Oxygen for all: Why measurement matters as much as availability

Aniqa Tasnim Hossain
Aniqa Tasnim Hossain

Medical oxygen is not merely a clinical supply; it is a lifeline that sustains patients every minute in hospitals and their homes. Bangladesh has expanded oxygen plants, concentrators, and hospital pipelines in recent years. However, due to a lack of measurement, we are in the dark about whether oxygen is being used appropriately.

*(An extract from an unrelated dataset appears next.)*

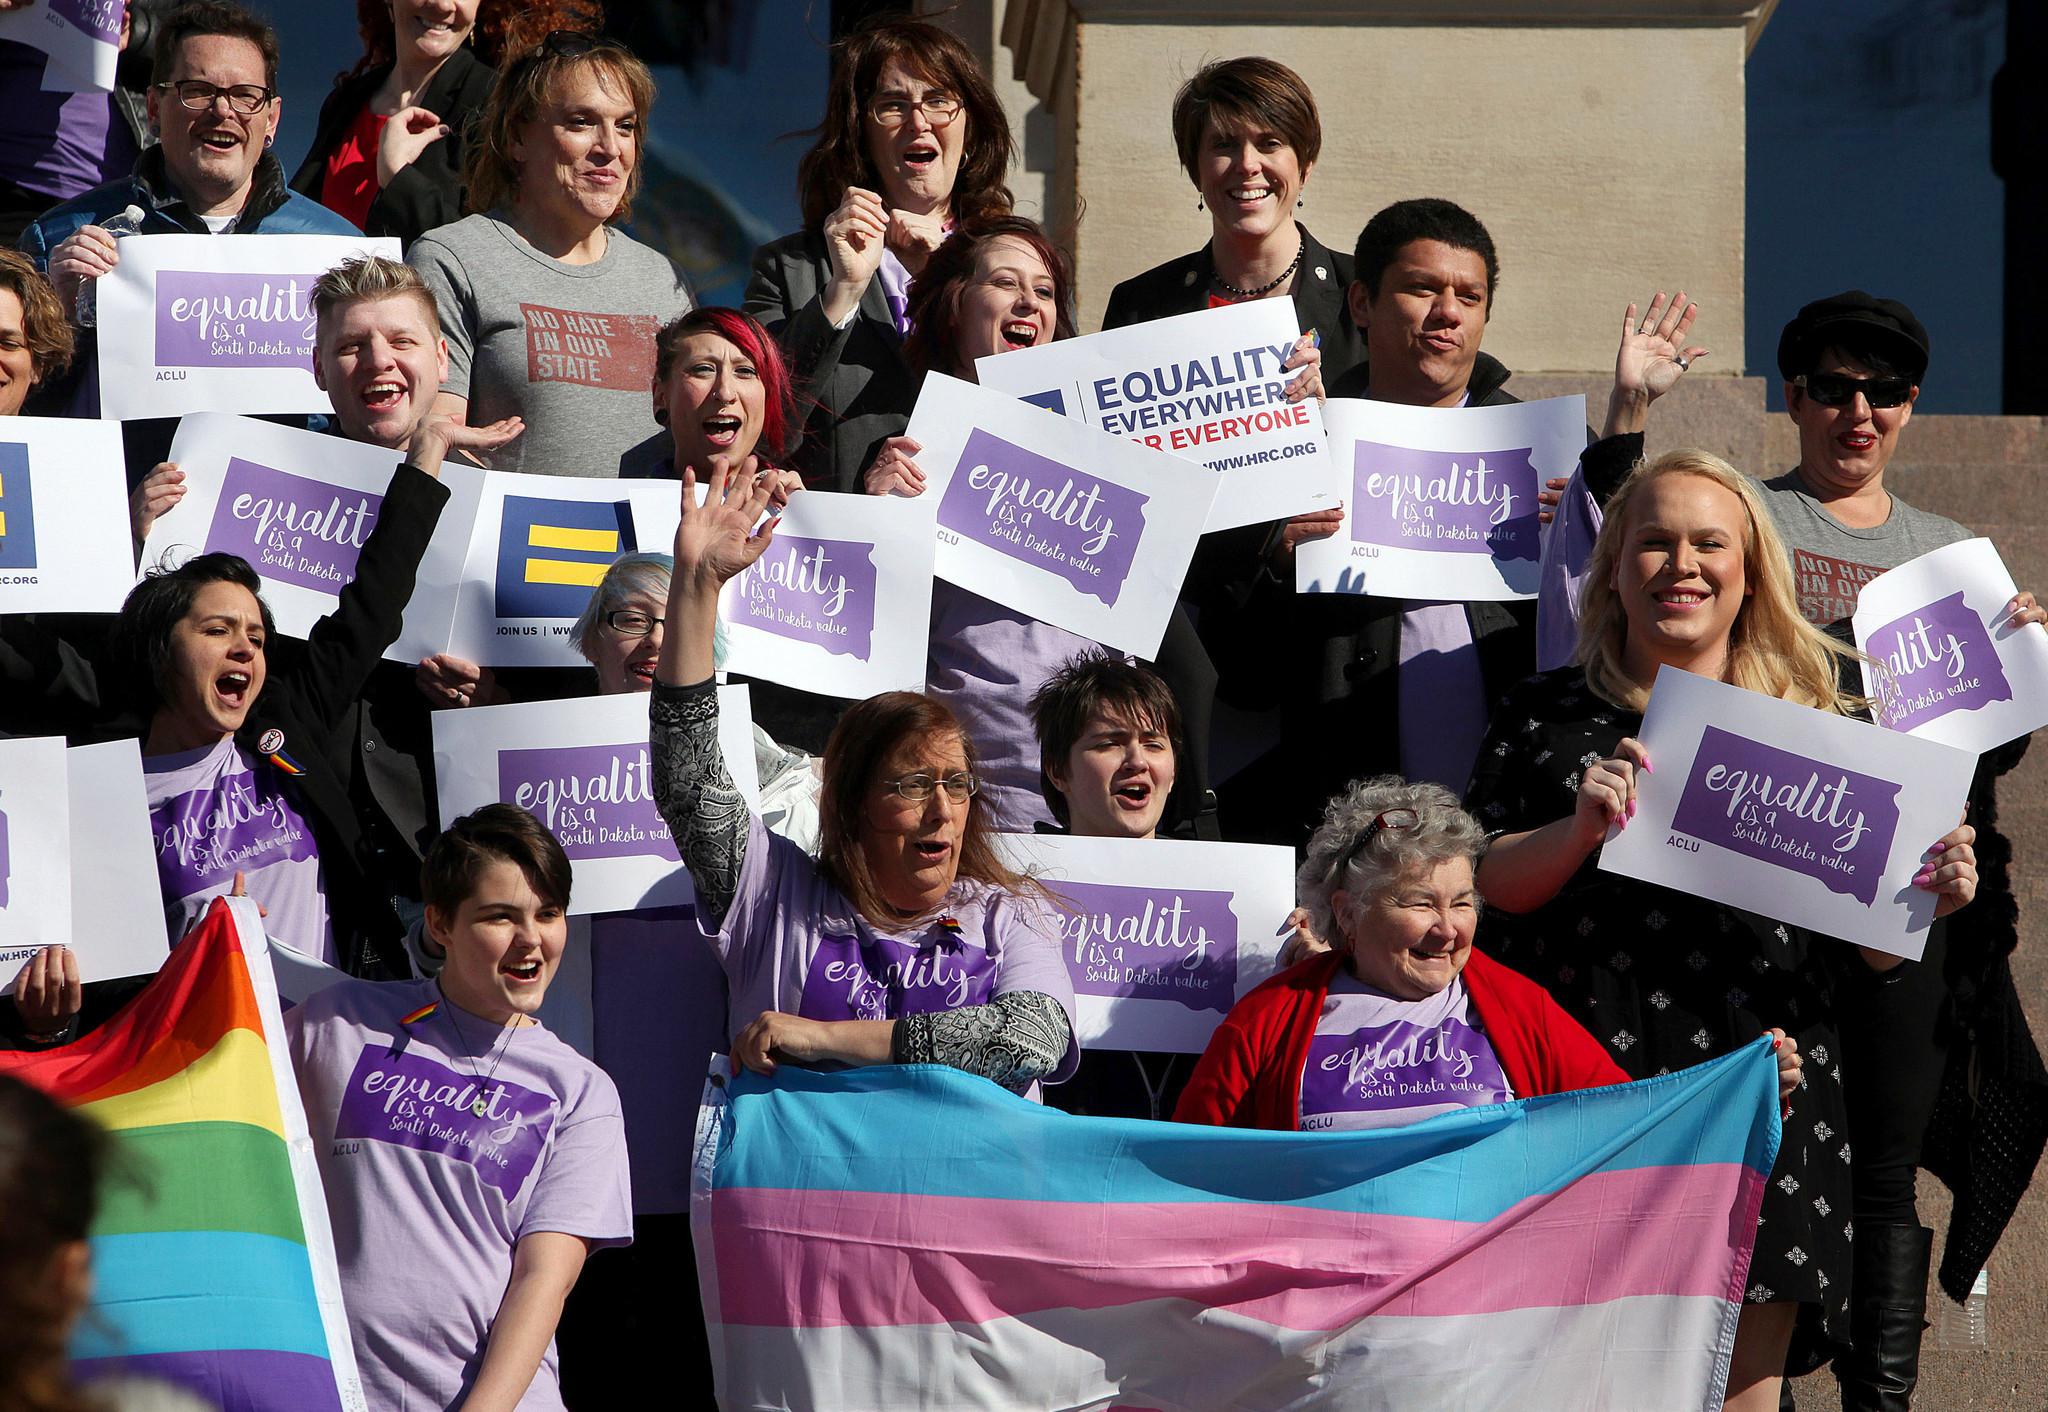 South Dakota governor vetoes transgender bathroom bill saying it

Oxygen is indispensable in saving lives from acute medical emergencies such as pneumonia, sepsis, obstetric complications, and trauma. The Lancet Commission on Medical Oxygen Security estimates that over 105 million people globally need oxygen for acute medical care each year, most of them in low- and middle-income countries, including about two million in Bangladesh. For surgical procedures, around five million, and for chronic respiratory diseases such as COPD, nearly 0.2 million people in Bangladesh rely on oxygen therapy every year. These numbers tell us that oxygen need is not rare, yet it remains poorly documented in the systems meant to manage it.

To understand oxygen coverage, we need to know how many patients required oxygen and how many actually received it. A multi-country study conducted in Bangladesh, Nepal and Tanzania, published in the Journal of Global Health in 2022, illustrated this problem. In two large Bangladeshi hospitals, oxygen was administered to almost half of the newborns treated for infection, yet very few had oxygen saturation documented in their case notes. Without pulse oximetry data, it is impossible to tell whether the therapy was appropriate or wasteful. Poor documentation could mask both under-treatment and overuse. This is not a technical oversight; it is a system-wide blind spot. The cost of this lack of documentation is substantial. In private hospitals, the cost of oxygen therapy can result in high out-of-pocket payments for the patients. For public hospitals, oxygen generation and delivery can consume a large part of total operating costs.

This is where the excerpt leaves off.